The National Health Service (NHS) in England has announced the approval of fenfluramine, a groundbreaking new treatment for children with Lennox-Gastaut syndrome (LGS), a rare and severe form of epilepsy. The medication, available from February 20th, offers fresh hope for hundreds of families struggling with this debilitating condition.
Understanding the Impact of LGS
LGS affects approximately 1-2% of children with epilepsy in England, translating to hundreds of young patients among the 60,000 children living with epilepsy. This lifelong condition causes frequent, unpredictable seizures that can occur multiple times daily, leading to cognitive impairment, mobility issues, and increased injury risk due to sudden muscle control loss.

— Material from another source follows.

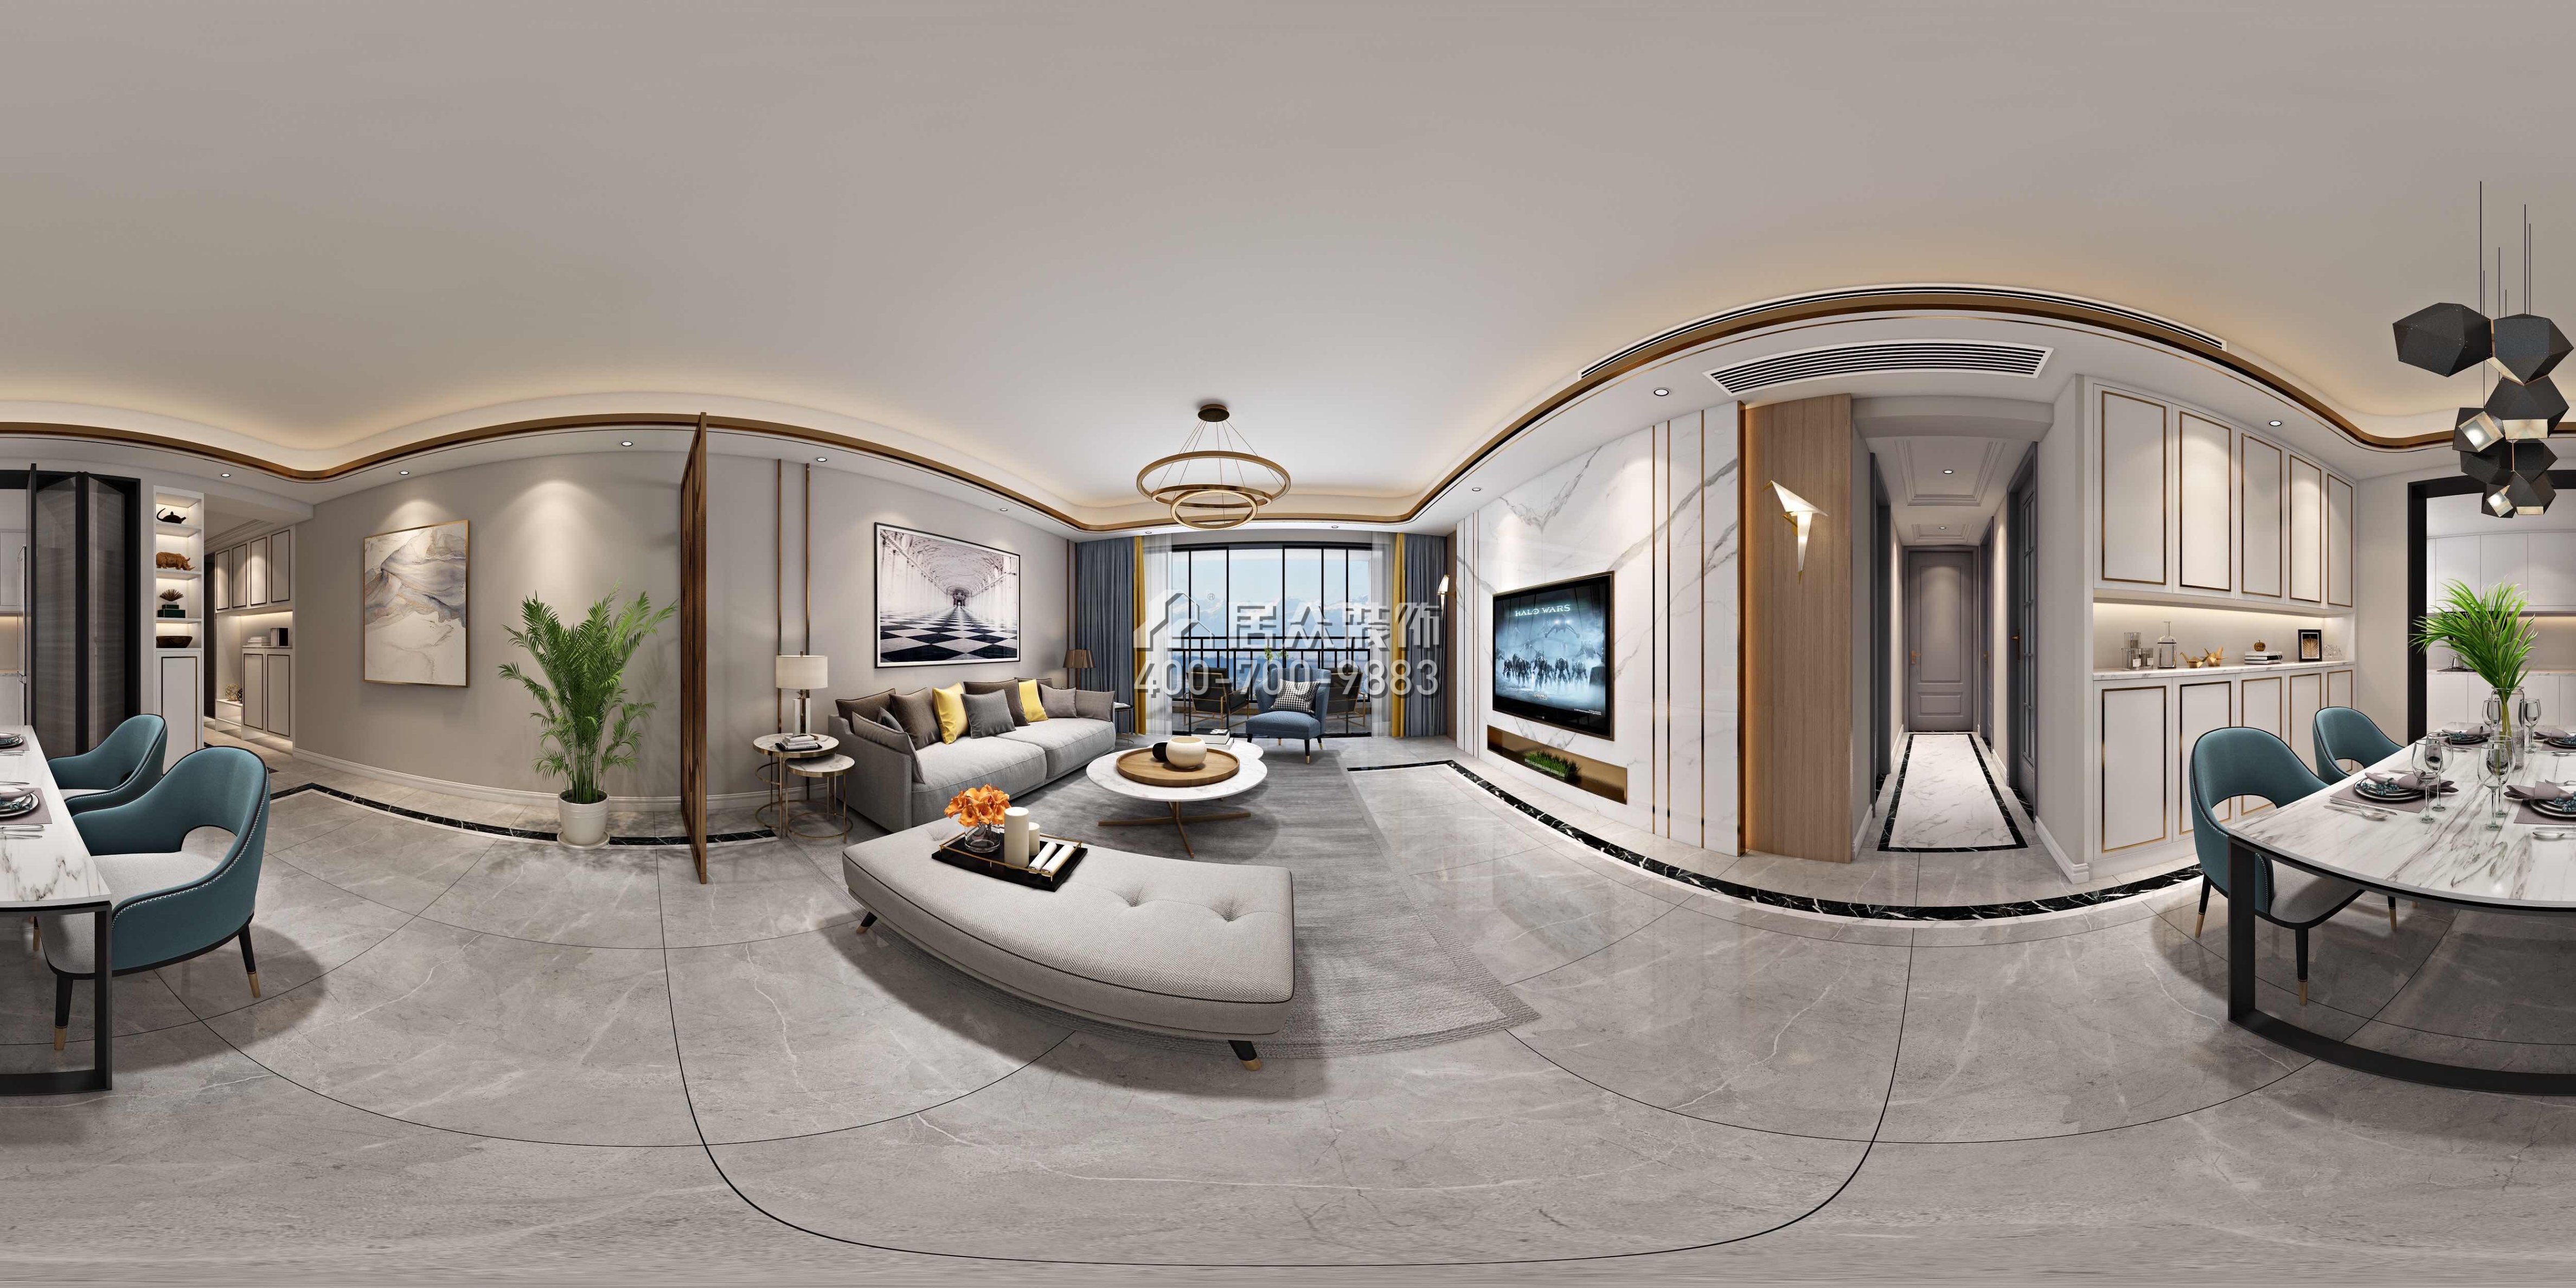 新天鵝堡122平方米現代簡約風格平層戶型客餐廳一體裝修效果圖

Clinical Efficacy and Treatment Advantages
Fenfluramine, administered as a daily oral liquid medicine with weight-based dosing, works by increasing brain serotonin levels to reduce seizure activity. Clinical trials have shown remarkable results:
- 26.5% average reduction in drop seizure frequency
- 25.3% of patients achieved a 50% or greater reduction in seizures
- Significant decrease in hospitalization and emergency care needs
The medication provides a crucial alternative to the previously NICE-recommended treatment of cannabidiol (Epidyolex®) with clobazam, approved in 2019. This new option is particularly valuable for patients who haven't responded to existing treatments or cannot tolerate clobazam's side effects.
Expert Perspectives
Professor Stephen Powis, National Medical Director for NHS England, emphasized the treatment's significance: "This new treatment option on the NHS will now offer new hope, giving many the chance for greater stability and a better quality of life."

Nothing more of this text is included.